* Problem requirements *
Transcribe the listing exactly as written. Leave the images out.

* Provided data *
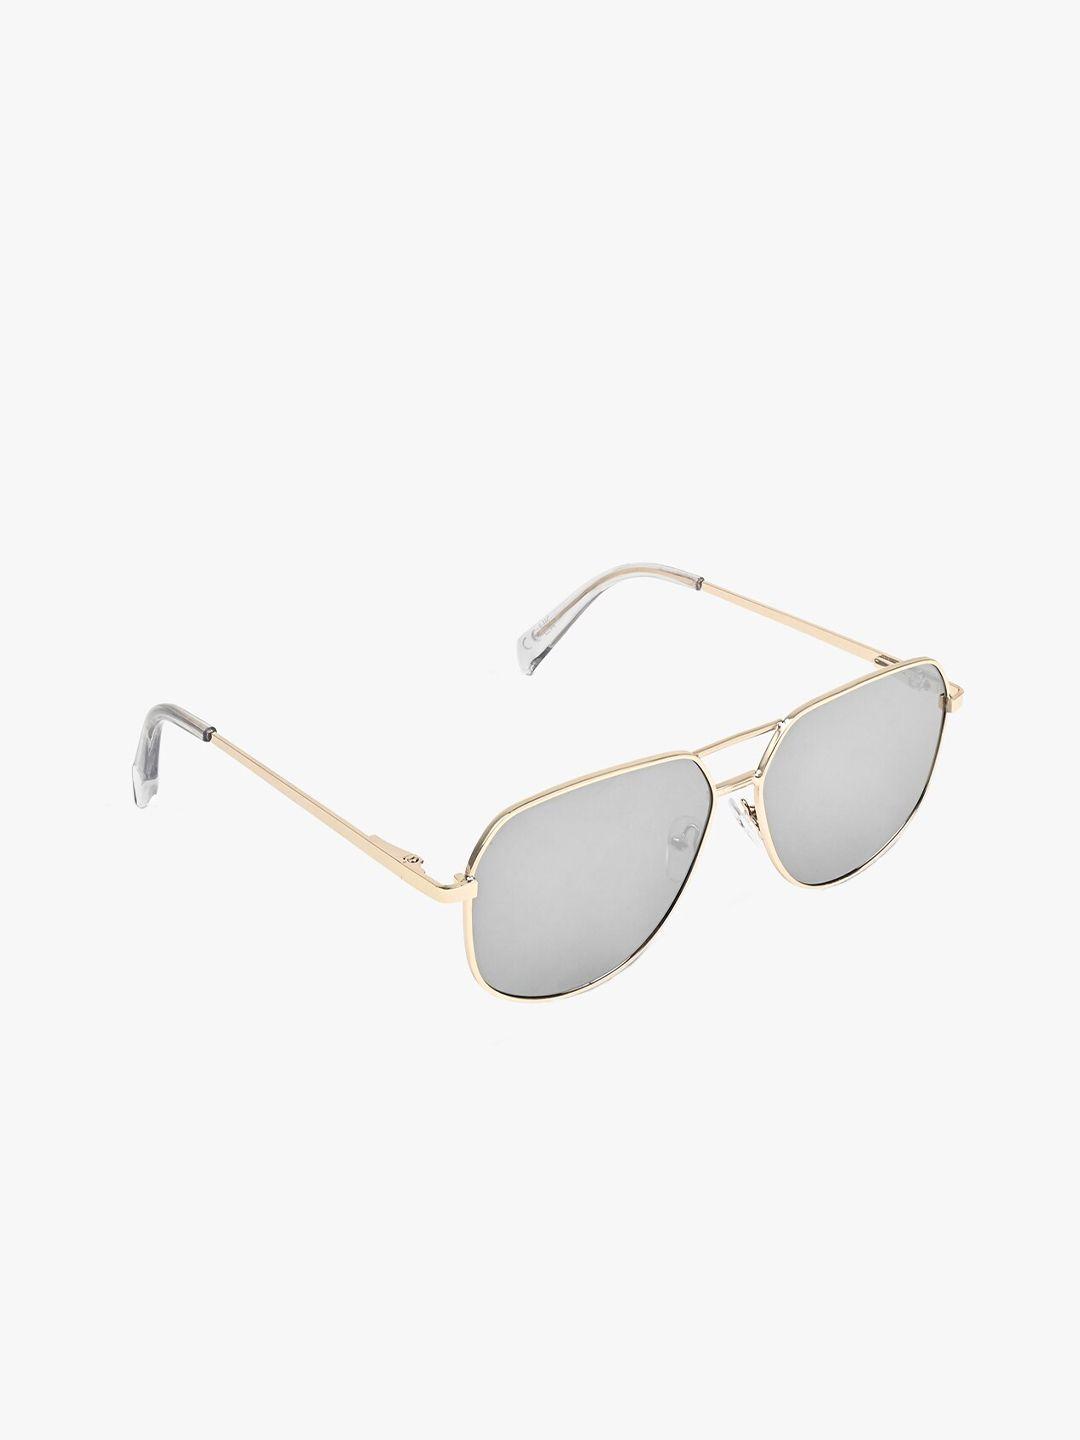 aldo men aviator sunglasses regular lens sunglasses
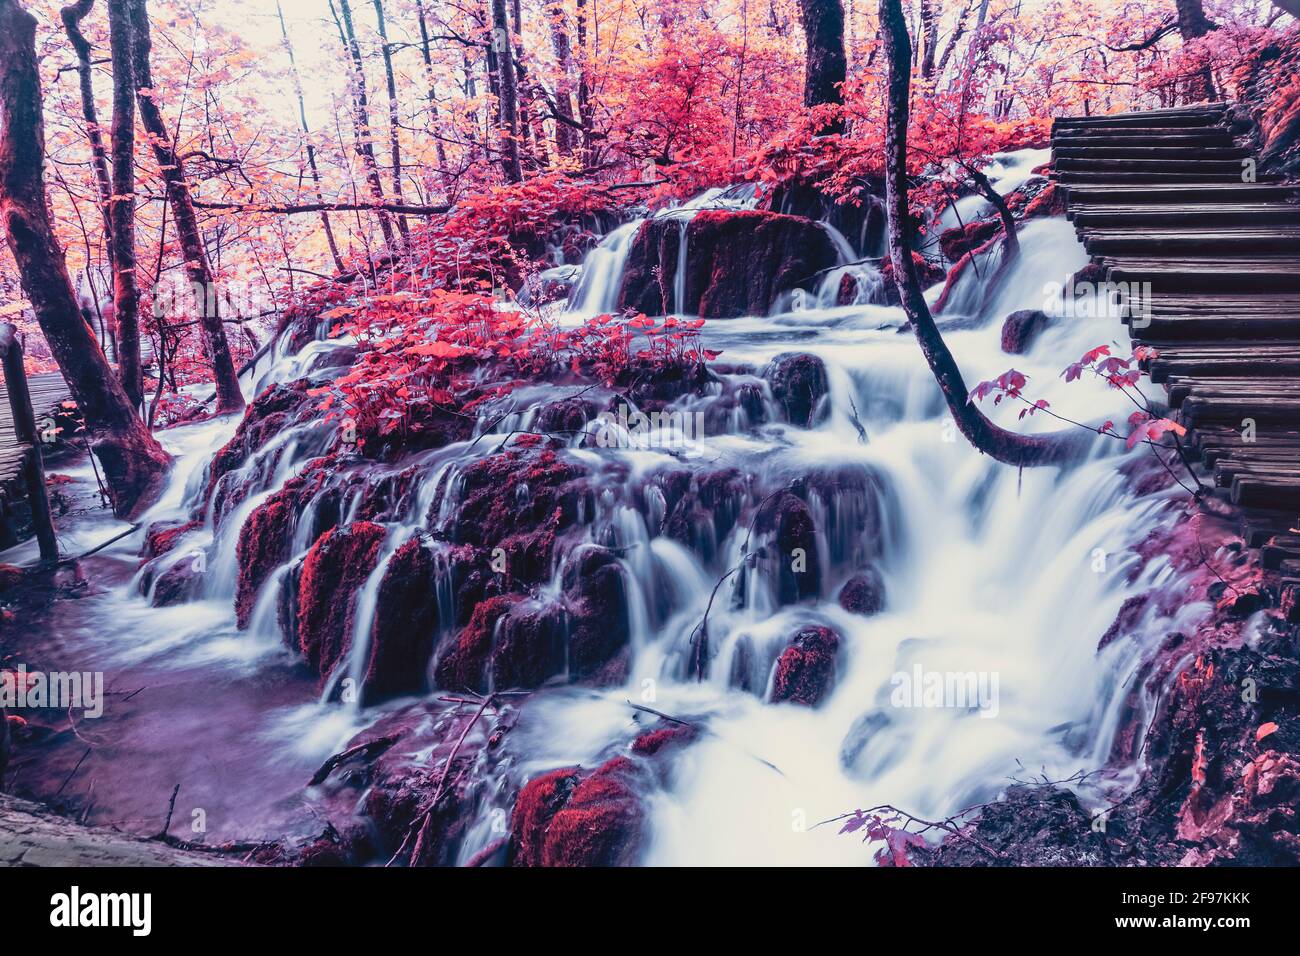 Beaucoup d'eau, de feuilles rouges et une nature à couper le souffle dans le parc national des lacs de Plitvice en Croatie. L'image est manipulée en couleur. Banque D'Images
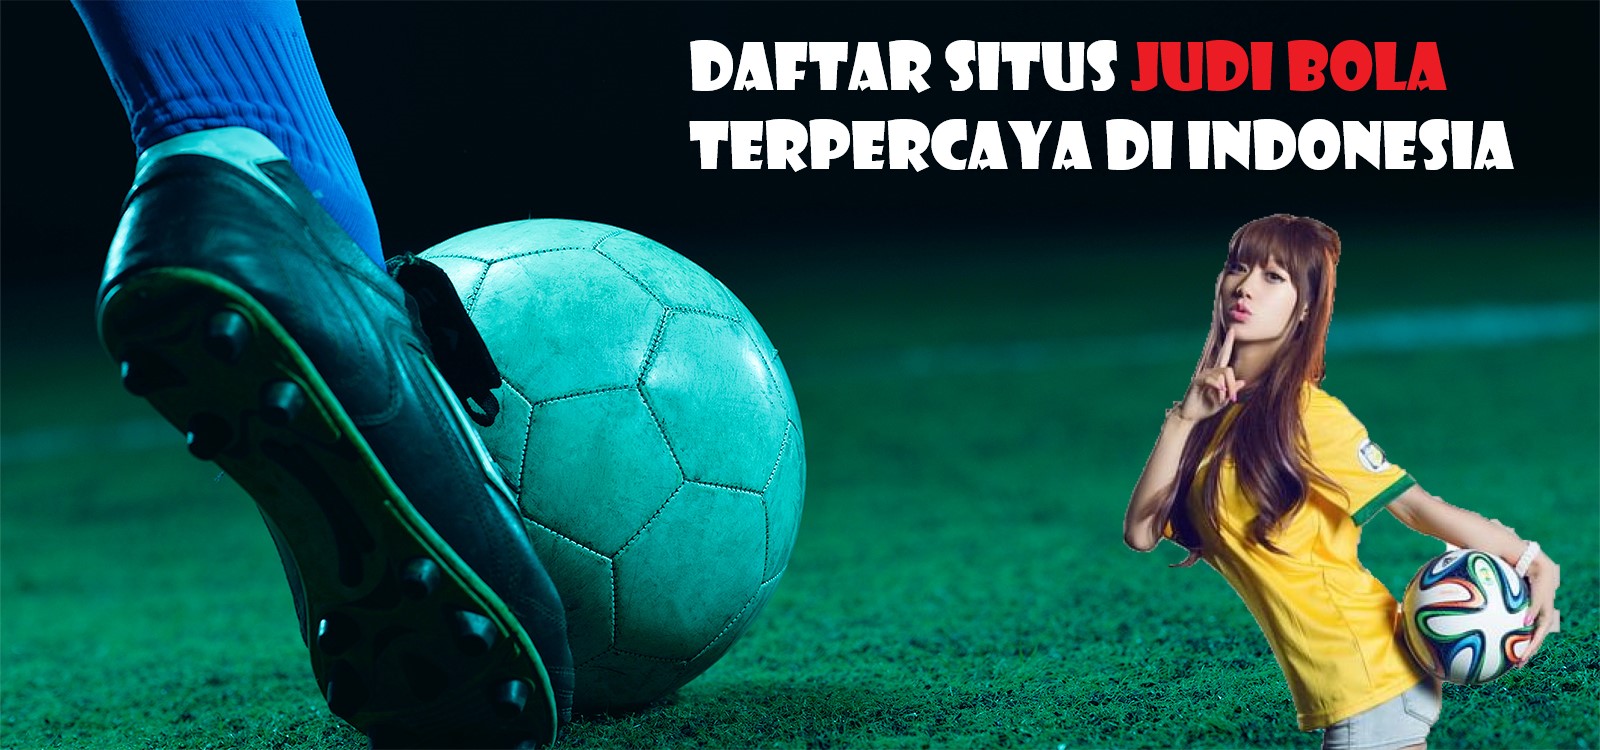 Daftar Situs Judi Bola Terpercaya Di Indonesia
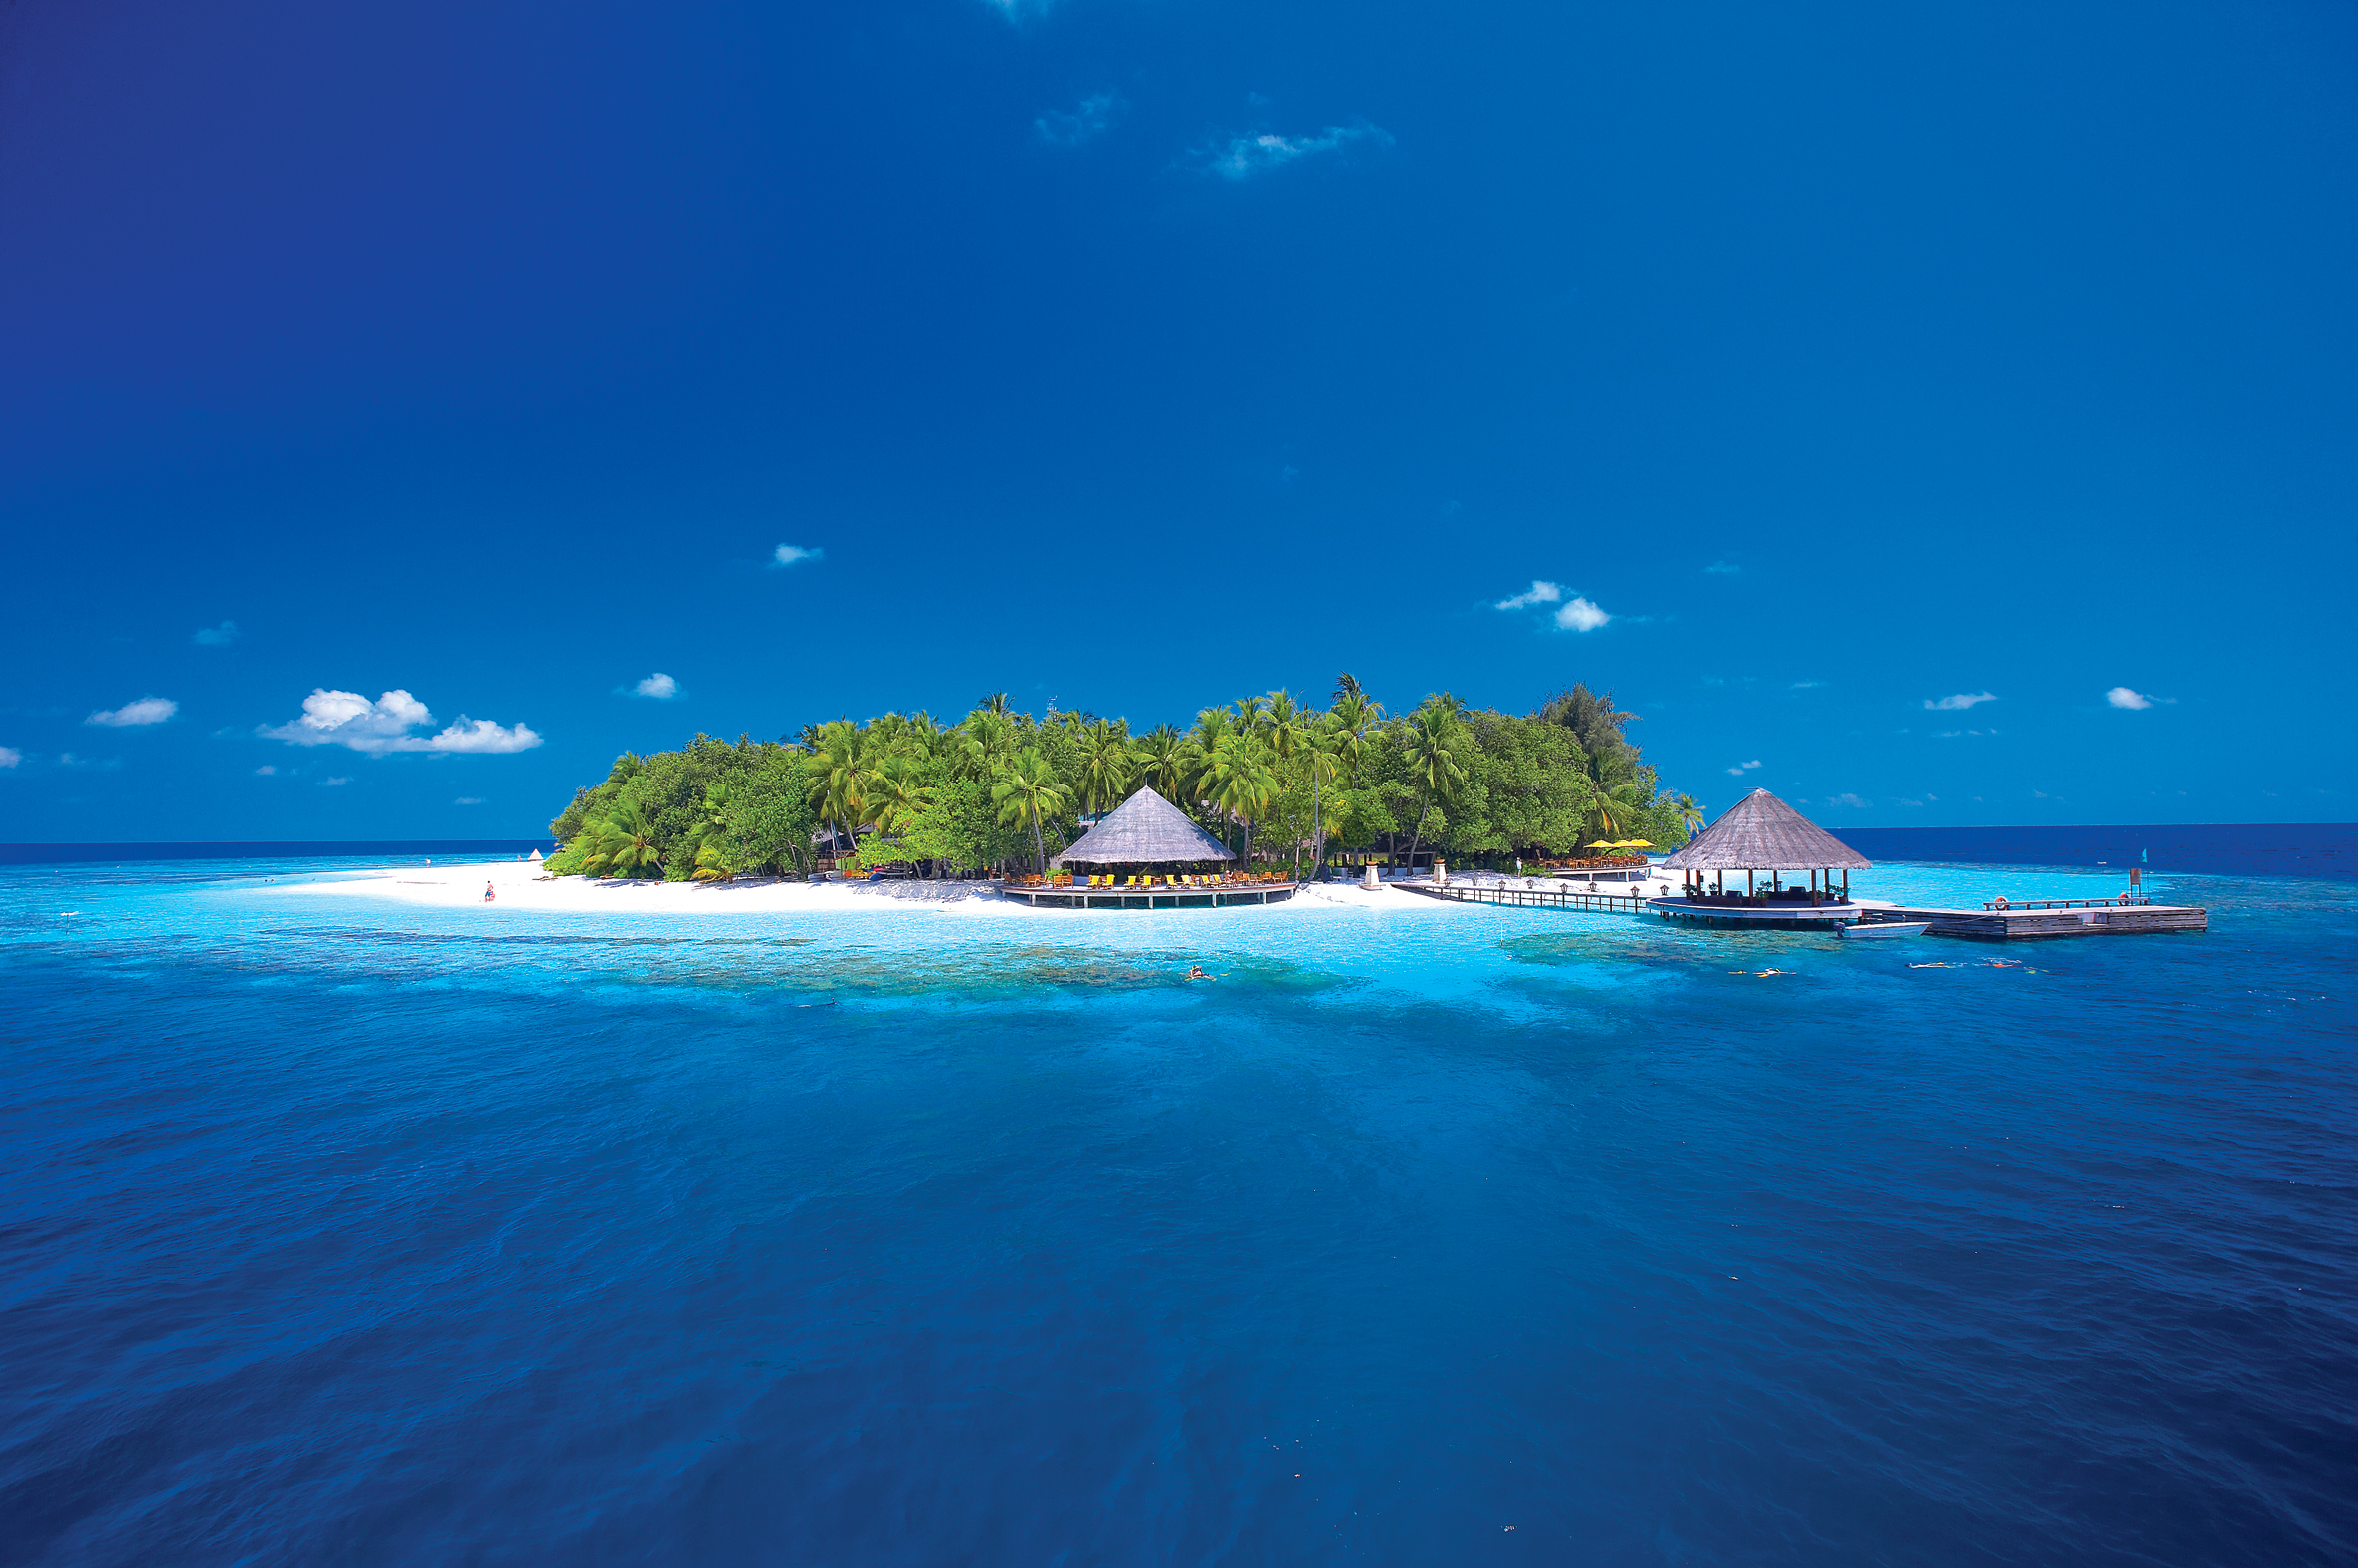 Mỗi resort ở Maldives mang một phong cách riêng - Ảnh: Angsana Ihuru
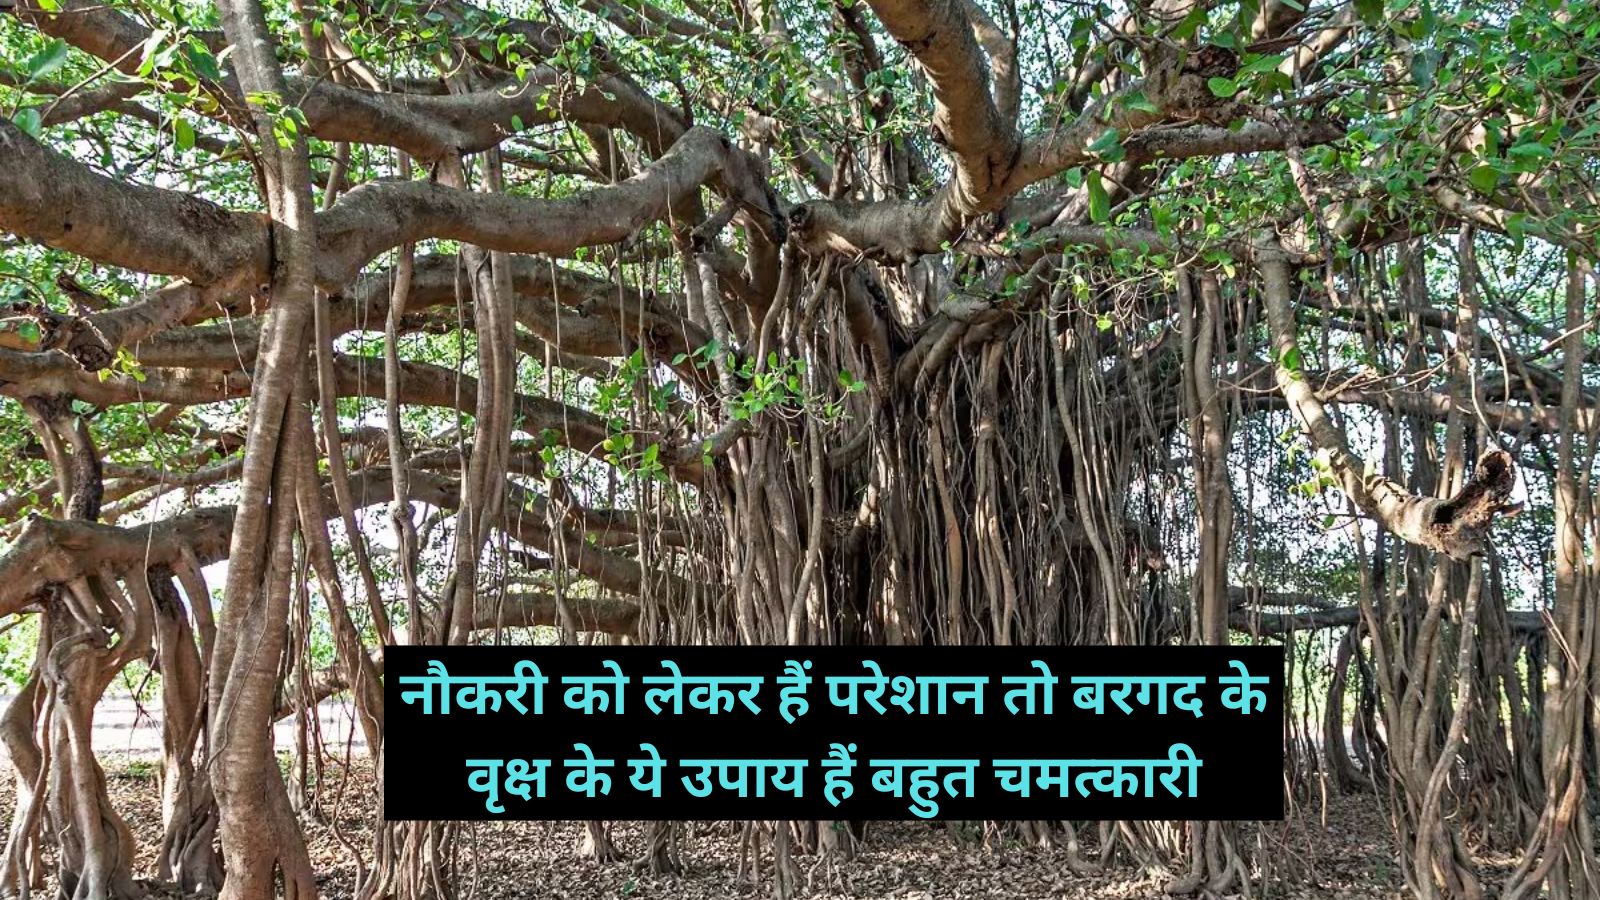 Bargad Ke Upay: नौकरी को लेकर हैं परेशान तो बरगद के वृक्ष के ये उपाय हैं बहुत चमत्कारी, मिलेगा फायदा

* Written answer *
 aldo men aviator sunglasses regular lens sunglasses
 Beaucoup d'eau, de feuilles rouges et une nature à couper le souffle dans le parc national des lacs de Plitvice en Croatie. L'image est manipulée en couleur. Banque D'Images
 Daftar Situs Judi Bola Terpercaya Di Indonesia
 Mỗi resort ở Maldives mang một phong cách riêng - Ảnh: Angsana Ihuru
 Bargad Ke Upay: नौकरी को लेकर हैं परेशान तो बरगद के वृक्ष के ये उपाय हैं बहुत चमत्कारी, मिलेगा फायदा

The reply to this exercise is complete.